Remove a Ceph node #

Note

Ceph node removal presupposes usage of a CephOsdRemoveTask CR. For workflow overview, see High-level workflow of Ceph OSD or node removal.

Note

To remove a Ceph node with a mon role, first move the Ceph Monitor to another node and remove the mon role from the Ceph node as described in Move a Ceph Monitor daemon to another node.

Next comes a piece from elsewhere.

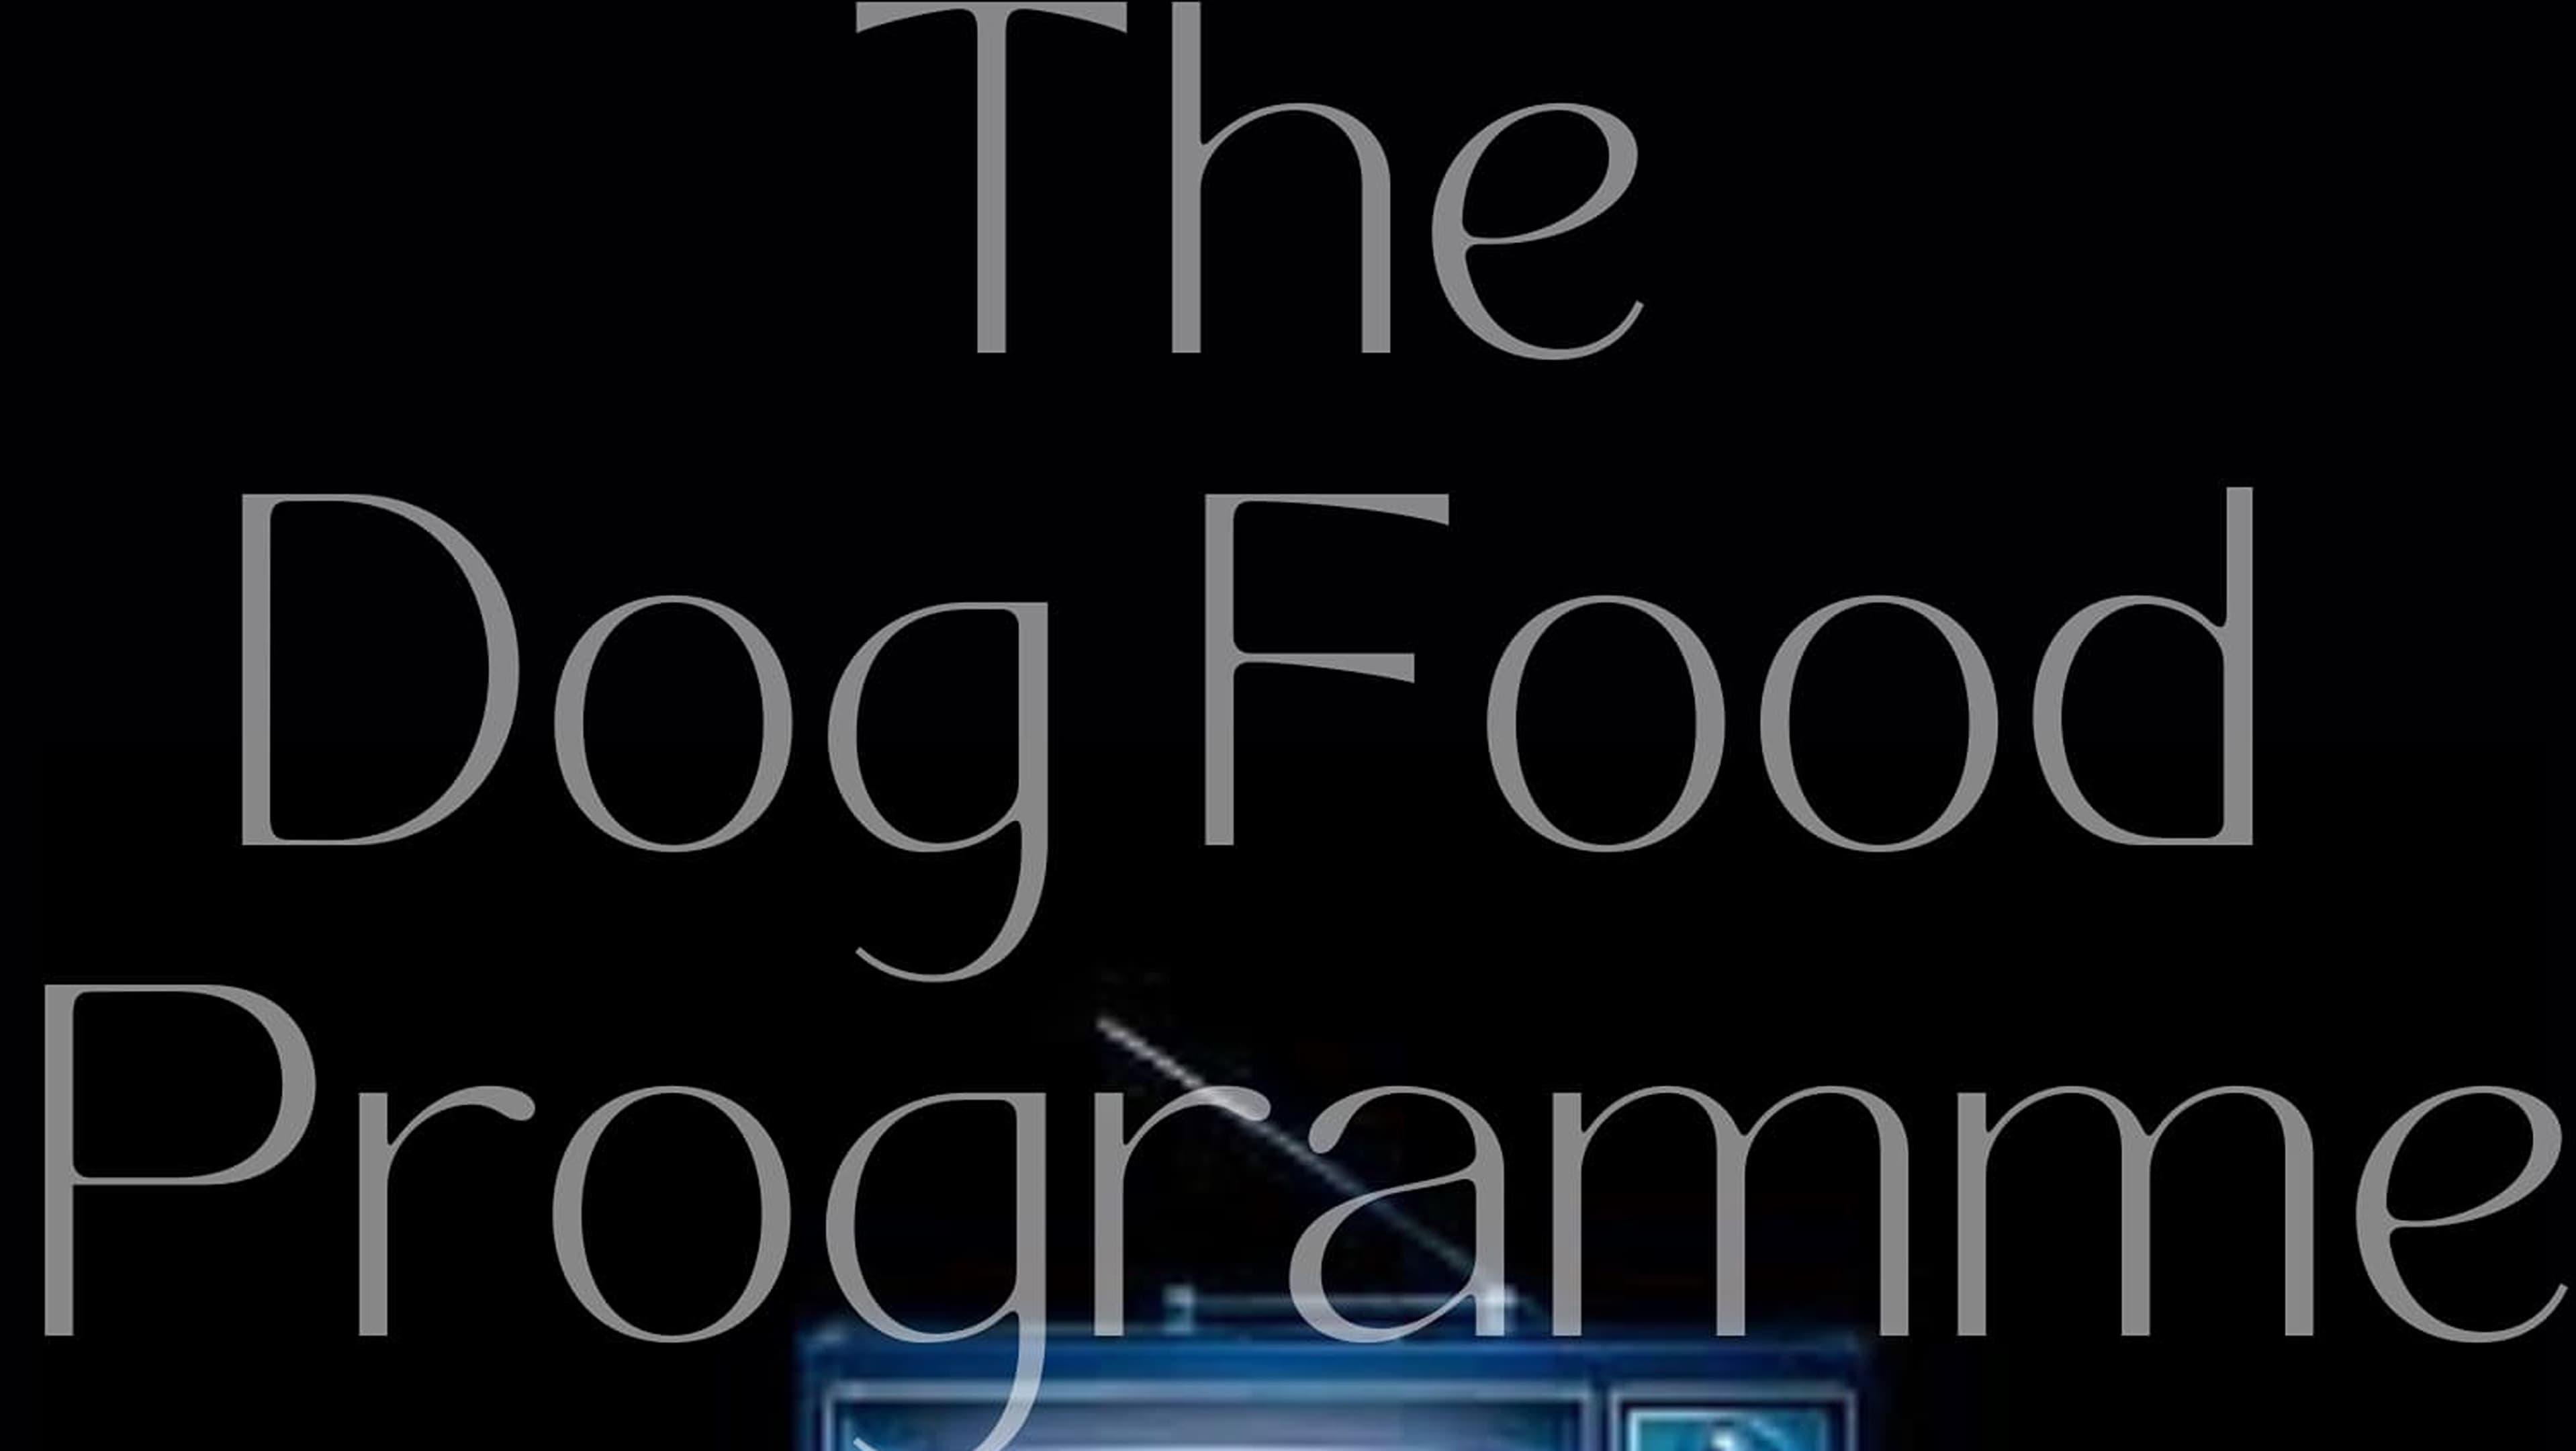 The Dog Food Programme backdrop

Open the CephDeployment CR for editing:
```
kubectl -n pelagia edit cephdpl
```

In the nodes section, remove the required Ceph node specification.

For example:

spec:
    nodes:
    - name: storage-worker-5 # remove the entire entry for the required node
      devices: {...}
      roles: [...]

Create a YAML template for the CephOsdRemoveTask CR. For example:

apiVersion: lcm.mirantis.com/v1alpha1
kind: CephOsdRemoveTask
metadata:
  name: remove-osd-worker-5
  namespace: pelagia
spec:
  nodes:
    storage-worker-5:
      completeCleanUp: true

Apply the template on the Rockoon cluster:

kubectl apply -f remove-osd-worker-5.yaml

Verify that the corresponding request has been created:

kubectl -n pelagia get cephosdremovetask remove-osd-worker-5

Verify that the removeInfo section appeared in the CephOsdRemoveTask CR status:

kubectl -n pelagia get cephosdremovetask remove-osd-worker-5 -o yaml

Example of system response:

status:
  removeInfo:
    cleanupMap:
      storage-worker-5:
        osdMapping:
          "10":
            deviceMapping:
              sdb:
                path: "/dev/disk/by-path/pci-0000:00:1t.9"
                partition: "/dev/ceph-b-vg_sdb/osd-block-b-lv_sdb"
                type: "block"
                class: "hdd"
                zapDisk: true
          "16":
            deviceMapping:
              sdc:
                path: "/dev/disk/by-path/pci-0000:00:1t.10"
                partition: "/dev/ceph-b-vg_sdb/osd-block-b-lv_sdc"
                type: "block"
                class: "hdd"
                zapDisk: true

Verify that the cleanupMap section matches the required removal and wait for the ApproveWaiting phase to appear in status:
```
kubectl -n pelagia get cephosdremovetask remove-osd-worker-5 -o yaml
```
Example of system response:
```
status:
  phase: ApproveWaiting
```

Edit the CephOsdRemoveTask CR and set the approve flag to true:

kubectl -n pelagia edit cephosdremovetask remove-osd-worker-5

For example:

spec:
  approve: true

Review the status of the CephOsdRemoveTask resource processing. The valuable parameters are as follows:
- status.phase - the current state of task processing
- status.messages - the description of the current phase
- status.conditions - full history of task processing before the current phase
- status.removeInfo.issues and status.removeInfo.warnings - contain error and warning messages occurred during task processing

Verify that the CephOsdRemoveTask has been completed. For example:

status:
  phase: Completed # or CompletedWithWarnings if there are non-critical issues

Remove the device cleanup jobs:

kubectl delete jobs -n pelagia -l app=pelagia-lcm-cleanup-disks

Reconfigure a Ceph node#

There is no hot reconfiguration procedure for existing Ceph OSDs and Ceph Monitors. To reconfigure an existing Ceph node, follow the steps below:

Remove the Ceph node from the Ceph cluster as described in Remove a Ceph node.
Add the same Ceph node but with a modified configuration as described in Add a Ceph node.